Set the log level to debug.
Execute the transformation using the Spark engine.The step ID displays in the Logging tab of the Execution Results pane. For example, the log displays Selected the SelectValues step to run in parallel as a GenericSparkOperation, where SelectValues is the step ID.
Method 3: Retrieve the ID from the PDI plugin registry
If you are a developer, you can retrieve the step ID from the PDI plugin registry as described in Dynamically build transformations.
Add the step ID to the configuration file
Perform the following steps to add another step ID to the configuration file:
Navigate to the data-integration/system/karaf/etc folder on the edge node running the AEL daemon and open the org.pentaho.pdi.engine.spark.cfg file.
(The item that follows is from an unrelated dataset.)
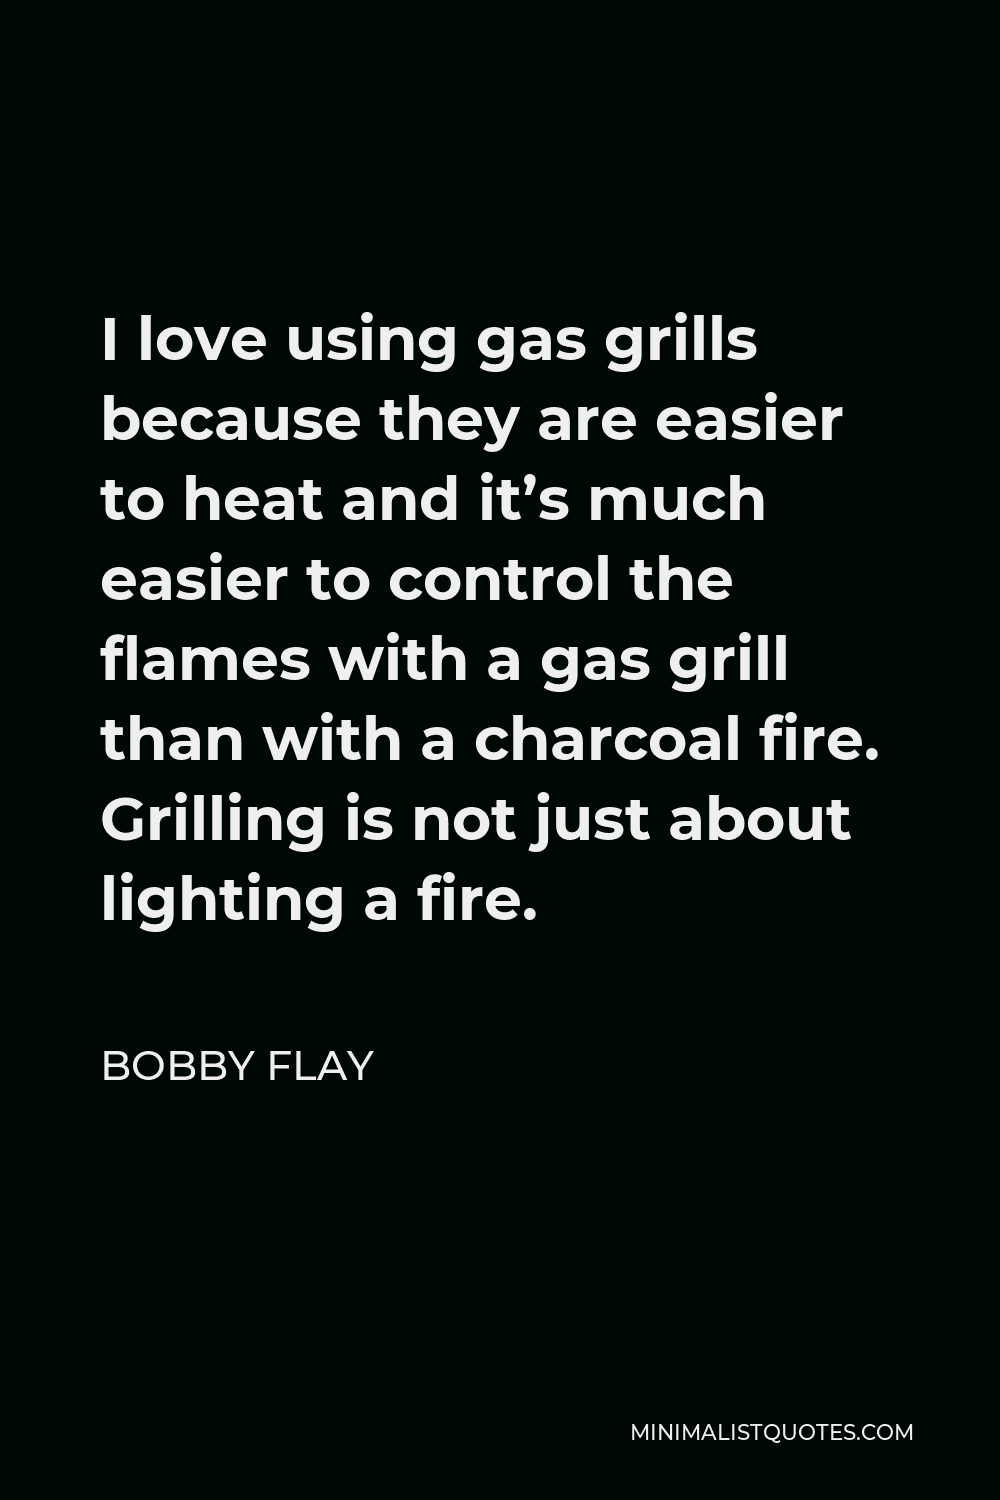 Bobby Flay Quote - I love using gas grills because they are easier to heat and it’s much easier to control the flames with a gas grill than with a charcoal fire. Grilling is not just about lighting a fire.

Append your step ID to the forceCoalesceSteps property value list, using a pipe character separator between the step IDs.
Save and close the file.
Force coalesce and Spark tuning
Any steps to the org.pentaho.pdi.engine.spark.cfg force
coalesce configuration file do a coalesce. If the
application.properties setting is set to true,
then step tuning takes precedence over force coalesce.
Table Input step fails
If you run a transformation using the Table Input step with a large database, the step does not complete. Use one of the following methods to resolve the issue:
Method 1: Load the data to HDFS before running the transform
Run a different transformation using the Pentaho engine to move the data to the HDFS cluster.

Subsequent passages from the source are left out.